Additional information on the specifics of hardware that Poky supports
is available in README.hardware. Further hardware support can easily be added
in the form of layers which extend the systems capabilities in a modular way.
As an integration layer Poky consists of several upstream projects such as
BitBake, OpenEmbedded-Core, Yocto documentation and various sources of information
e.g. for the hardware support. Poky is in turn a component of the Yocto Project.
The Yocto Project has extensive documentation about the system including a
reference manual which can be found at:
http://yoctoproject.org/documentation
OpenEmbedded-Core is a layer containing the core metadata for current versions
of OpenEmbedded. It is distro-less (can build a functional image with
DISTRO = "") and contains only emulated machine support.

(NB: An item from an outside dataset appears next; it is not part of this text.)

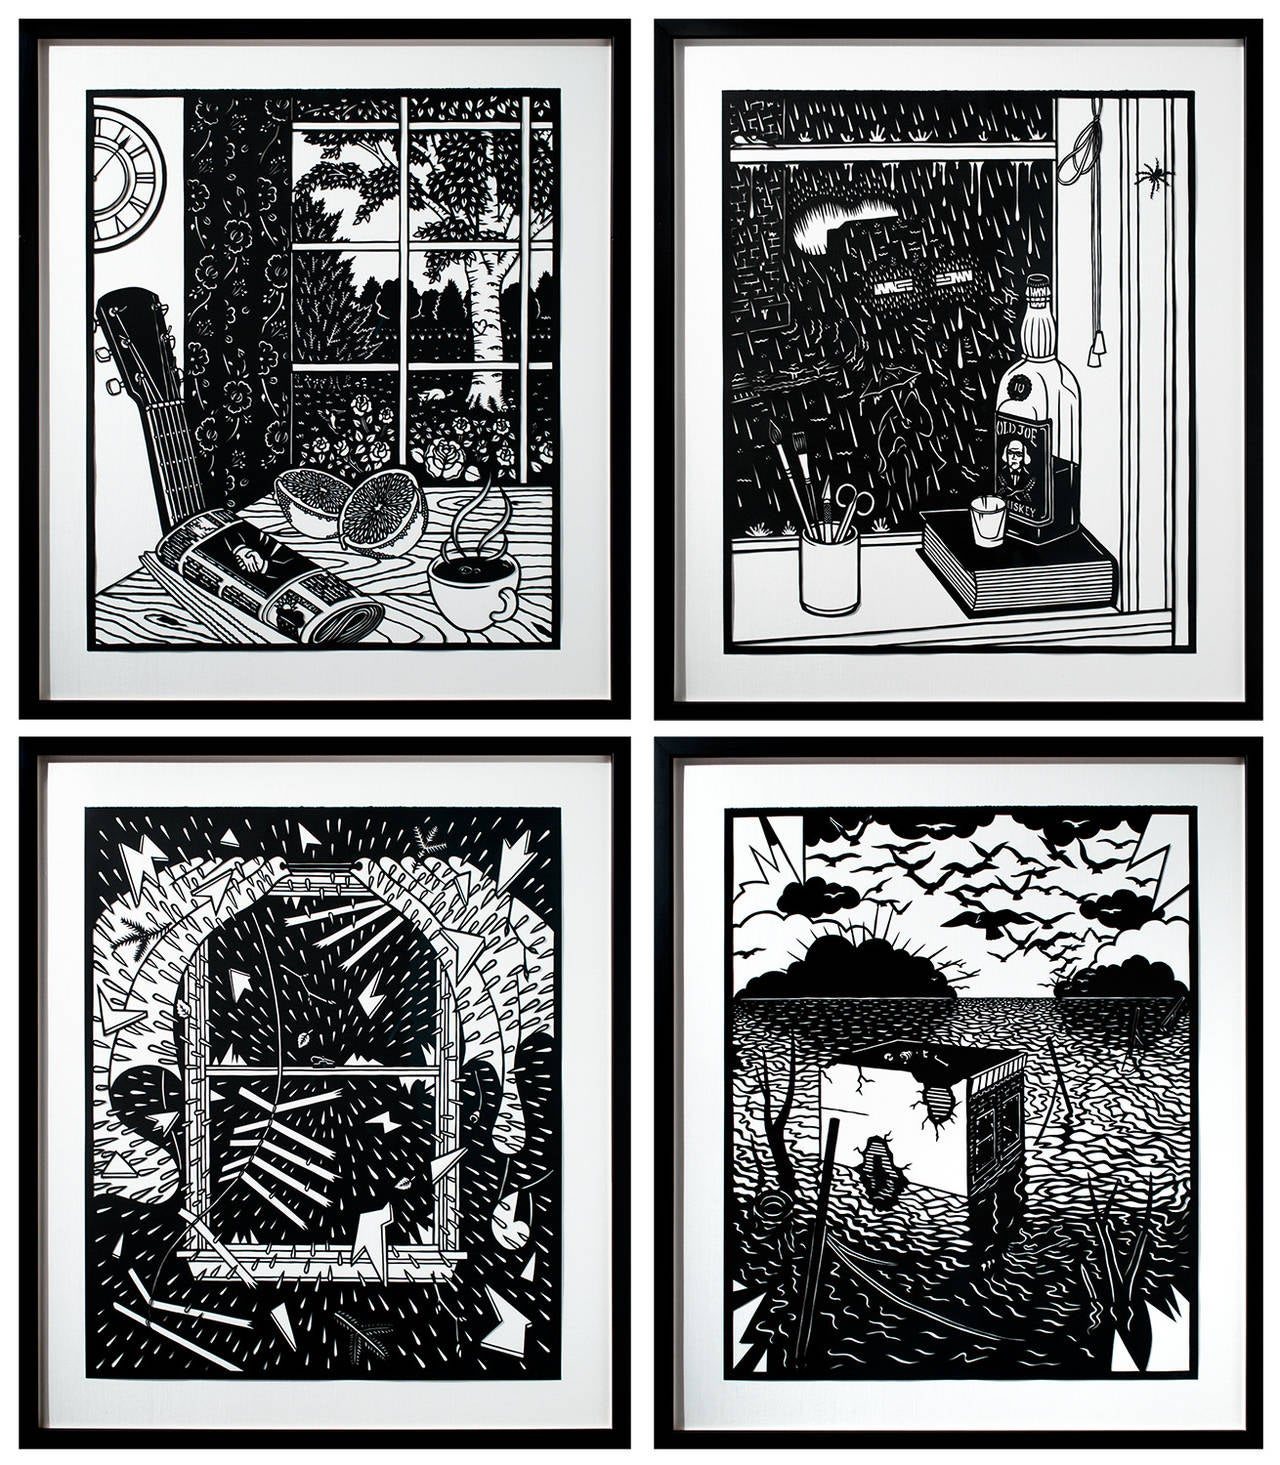 Vanitas: The Deluge - Full Series of Four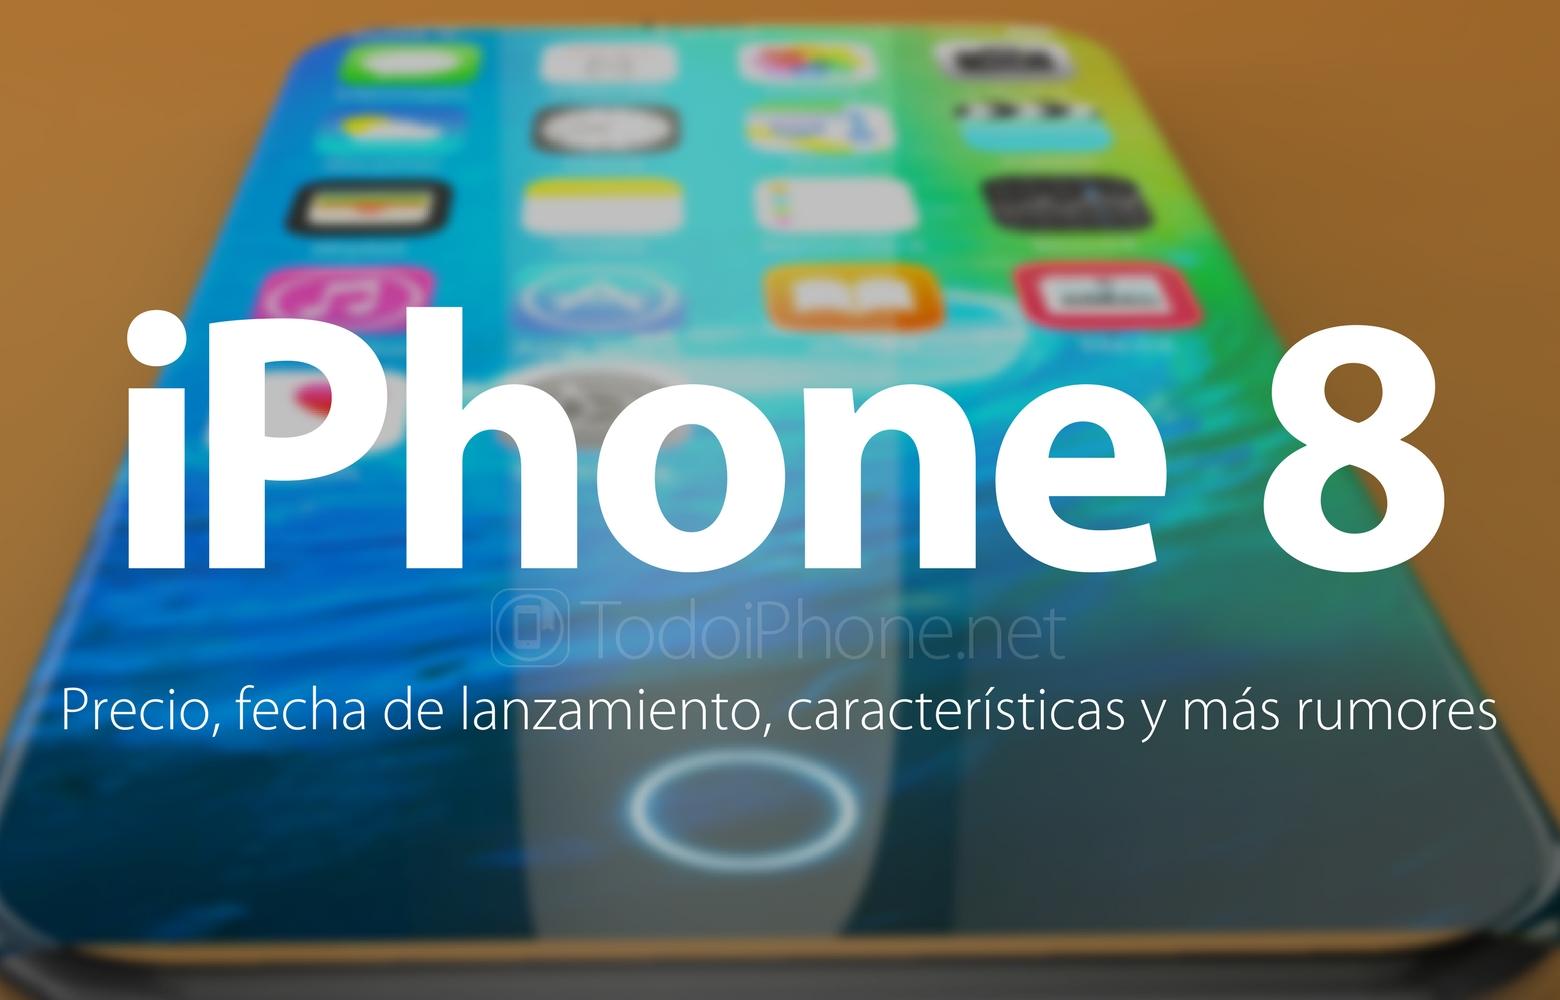 5 s iphone precio

For information about OpenEmbedded, see the OpenEmbedded website:
http://www.openembedded.org/
Where to Send Patches
=====================
As Poky is an integration repository, patches against the various components
should be sent to their respective upstreams.
bitbake:
bitbake-devel@lists.openembedded.org
meta-yocto:
poky@yoctoproject.org
Most everything else should be sent to the OpenEmbedded Core mailing list. If
in doubt, check the oe-core git repository for the content you intend to modify.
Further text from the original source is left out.